Travel and camp on durable surfaces

The second tenet of the seven principles of Leave No Trace is: travel and camp on durable surfaces. While on the Pacific Crest Trail, it may seem obvious that traveling on a durable surface means staying on the trail and for the most part that would be true. But, regardless of how much time someone may spend on the trail they are often confronted with situations where they need to leave the two-foot-wide trail tread.

We’ve all seen makeshift trails around a blown-down tree or sections of trail that have become braided through a meadow. Whenever possible it is best to stay on the trails that seem to be getting the most use. The PCTA and our agency partners strive to repair braided sections of trail and ensure that downed trees are removed in a timely manner. But the nature of a 2,650-mile-long trail is that there are sometime situations that may persist until repairs can be made. In the case of a braided trail, please walk in single file while staying on the most used path rather than contributing to further damage by walking through the meadow. And in the case of blow-down detours, there is often an obvious path made by others around the obstruction that everyone should stick to.
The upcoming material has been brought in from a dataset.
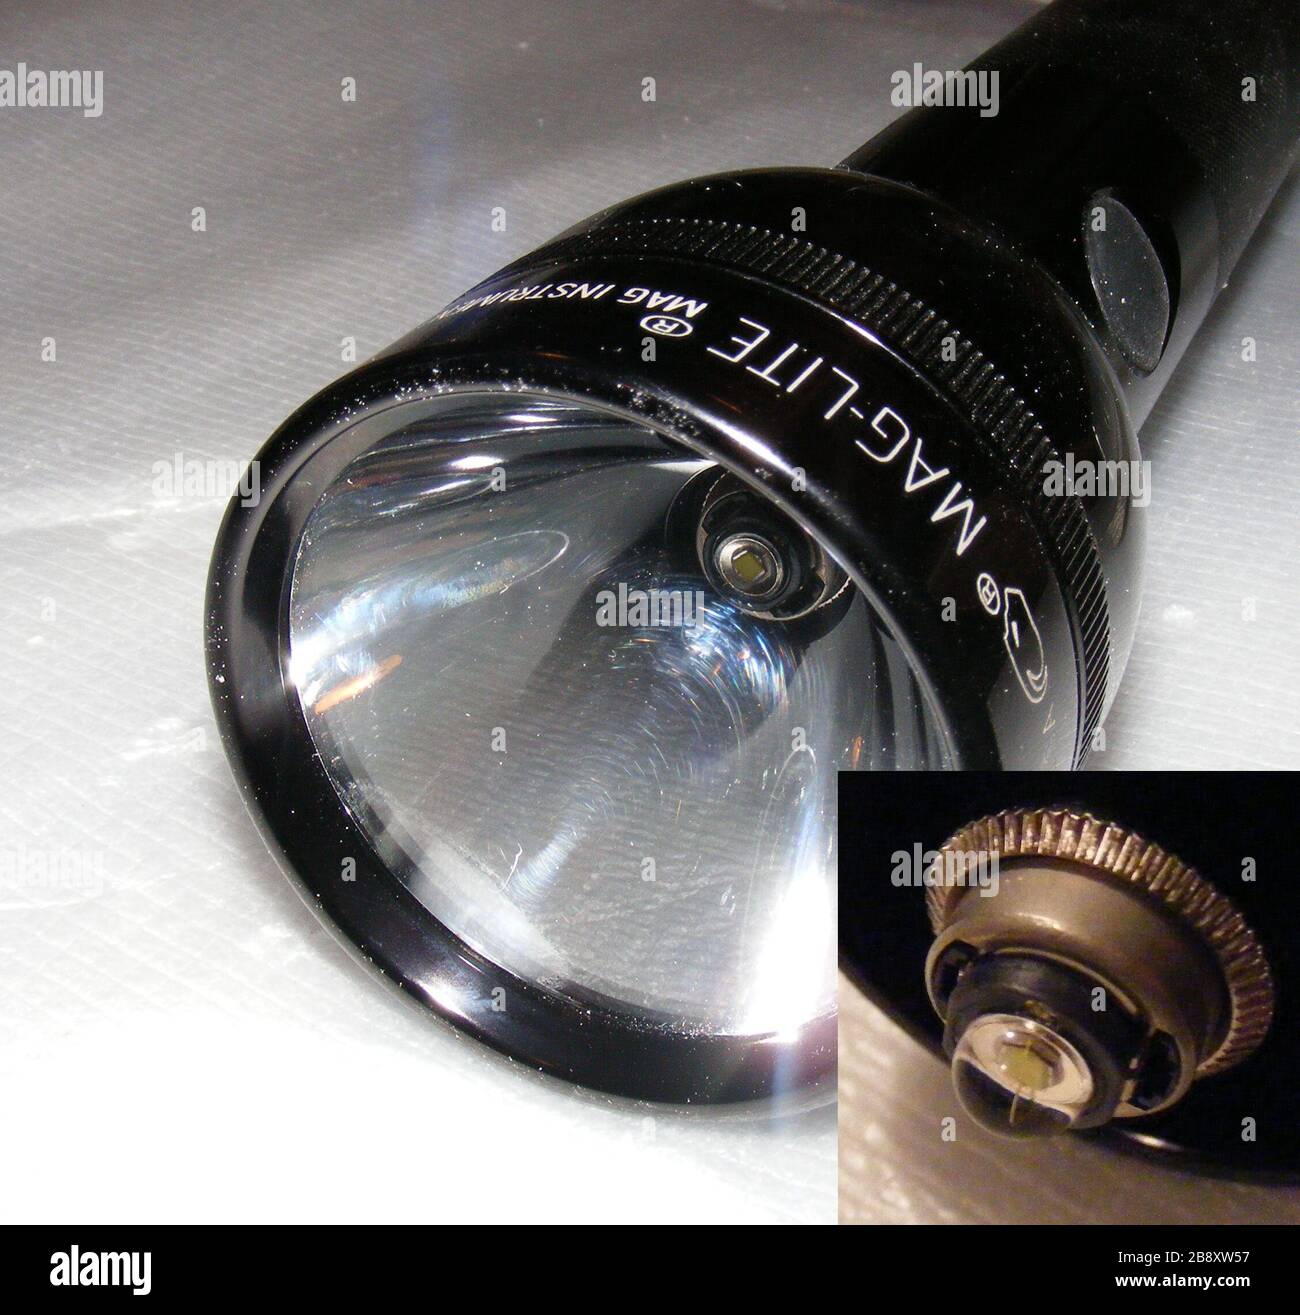 Inglés: fotografía detallada de una linterna Maglite 4-D con un LED Luxeon  de 3 vatios módulo instalado. El recuadro en la esquina inferior derecha es  una macro shot del módulo LED con

A braided section of the John Muir and Pacific Crest Trail in Yosemite National Park. Please stay on trail, even if that means your feet get wet. Photo by Carl Alviani on Flickr.

A braided section of the John Muir and Pacific Crest Trail in Yosemite National Park. Please stay on trail, even if that means your feet get wet. Photo by Carl Alviani on Flickr.

Perhaps even more common are the situations when PCT users need to leave the trail to find a camp or a private place to relieve yourself [see poop story #1, #2, #3].  Be mindful of where you step. Rather than walk through a sensitive meadow filled with flowers, wait until you have an opportunity to leave the trail on rock, gravel, or other dry soils. The same can be said for choosing a campsite. Good campsites are found, not made. Whenever possible, use existing campsites. Durable surfaces for campsites include rock, gravel, and dry grasses.  It is also important to protect riparian areas by camping at least 200 feet from lakes and streams. And when traveling to and from the water source, stay on existing trails or choose your path carefully to take advantage of walking on rocks, gravel, and other dry areas.

Traveling and camping on durable surfaces is important to protect the landscape that the PCT passes through so that those who come after you find it in the same condition. Doing your best to limit your visible impact on the land indirectly encourages others to do the same.